The acute toxicity of the second hydrolysis product 2-(2-aminoethoxy)ethanol to Daphnia magna was studied under static conditions over a period of 48 hours according to OECD TGD 201 and EU-method C.2. Six concentrations ranging from 31.25 to 500 mg/L were tested. Immobilisation was observed. The following endpoint was derived: EC50 (48 h) > 500 mg/L; EC0 (48 h) = 125 mg/L (see ECHA dissemination homepage).

In addition data from the analogues substance Sika Hardener LI (Dodecanoic acid , 3-[[3-[[[2,2-dimethyl-3-[(1-oxododecylo)oxy]propylidene]amino]methyl]-3,5,5-trimethylcyclohexyl]imino]-2,2-dimethylpropyl ester, CAS 932742-30-8) is reported. Sika Hardener LG and Sika Hardener LI both have the same aldehyde component (2,2-Dimethyl-3-lauroyloxy-propanal), but different amine components. Data from the OECD toolbox support the use of data from Sika Hardener LI also as read across fro Sika Hardener LG (see attachment in section 13). In this study, young Daphnia were exposed in a semi-static test to the test item for 48 hours. A supersaturated test item solution was prepared by dispersing the test item amount (nominal load of 100 mg/L) into the test medium two days before the start of the renewal periods (on day -2 and -1). This solution was shaken for 24 hours at app. 30 °C, then was left settling for 24 hours at app. 20 °C and thereafter filtrated through a 0.45 μm filter. The nominal concentration tested was 100.0 mg/L. In this 48-hour semi-static acute toxicity test with Daphnia magna the 48 h EC50 value was >100 mg/L, and the 48 h NOEC was determined to be 100 mg/L. The results were based on the nominal concentrations. Due to the fast hydrolysis and the very low water solubility of the test item this approach was done. Analytical measurements were not possible due to fast hydrolysis.

Conclusion:

Due to the physical-chemical properties of Sika Hardener LG (fast hydrolysis) it is not possible to perform standard ecotoxicology tests. It was decided to do the test by preparing a WAF and base the EC50 and NOEC calculations on nominal concentrations (justification see study record). A value of 125.5 mg/L was derived.
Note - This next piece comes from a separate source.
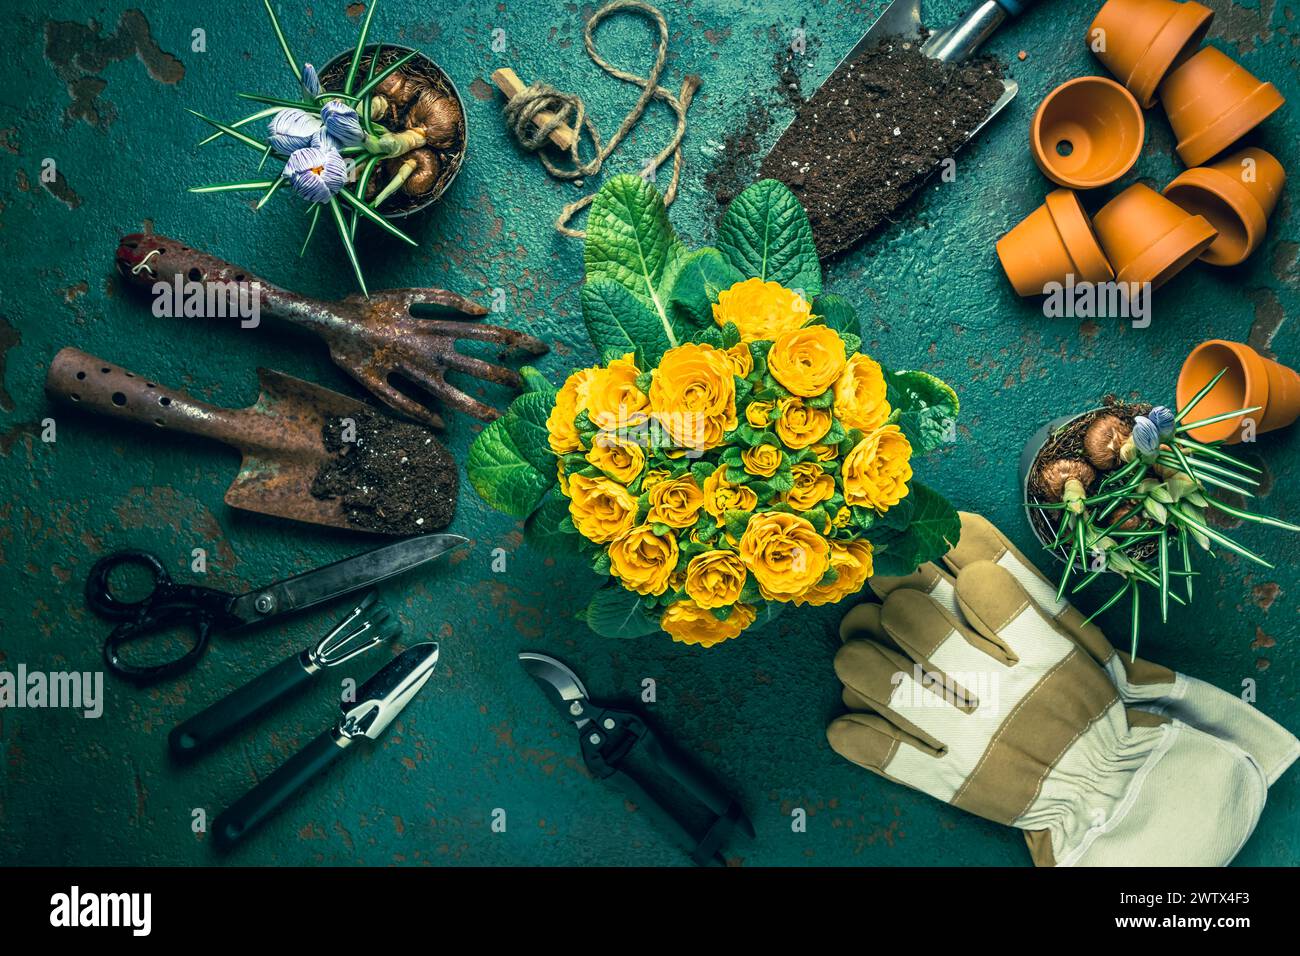 Outils de jardinage, taille, horticulture et potager. Concept de jardinage. Banque D'Images

The data presented for the supporting substance Sika Hardener LI with a LC50 of 100 mg/L well supports the results obtained for Sika Hardener LG. Results from the two hydrolysis products further support the results and lead to same environmental classification and labelling (aq. chronic cat.3). For 2,2-Dimethyl-3-lauroyloxy-propanal (aldehyde component) different tests were done to assess the ecotoxicology towards daphnia. In the end it was also not possible to use measured data for EC50 calculations (details see above). As the substance is readily biodegradable the LC50 of 1.02 mg/L does not lead to a classification. The data with 2-(2-aminoethoxy)ethanol with an LC50 of > 500 mg/L show that the amine component does not represent a danger for environment. These data confirm that the classification and labelling and the hazard assessment of the ecotoxicology of Sika Hardener LG can be based on the main study with the product itself.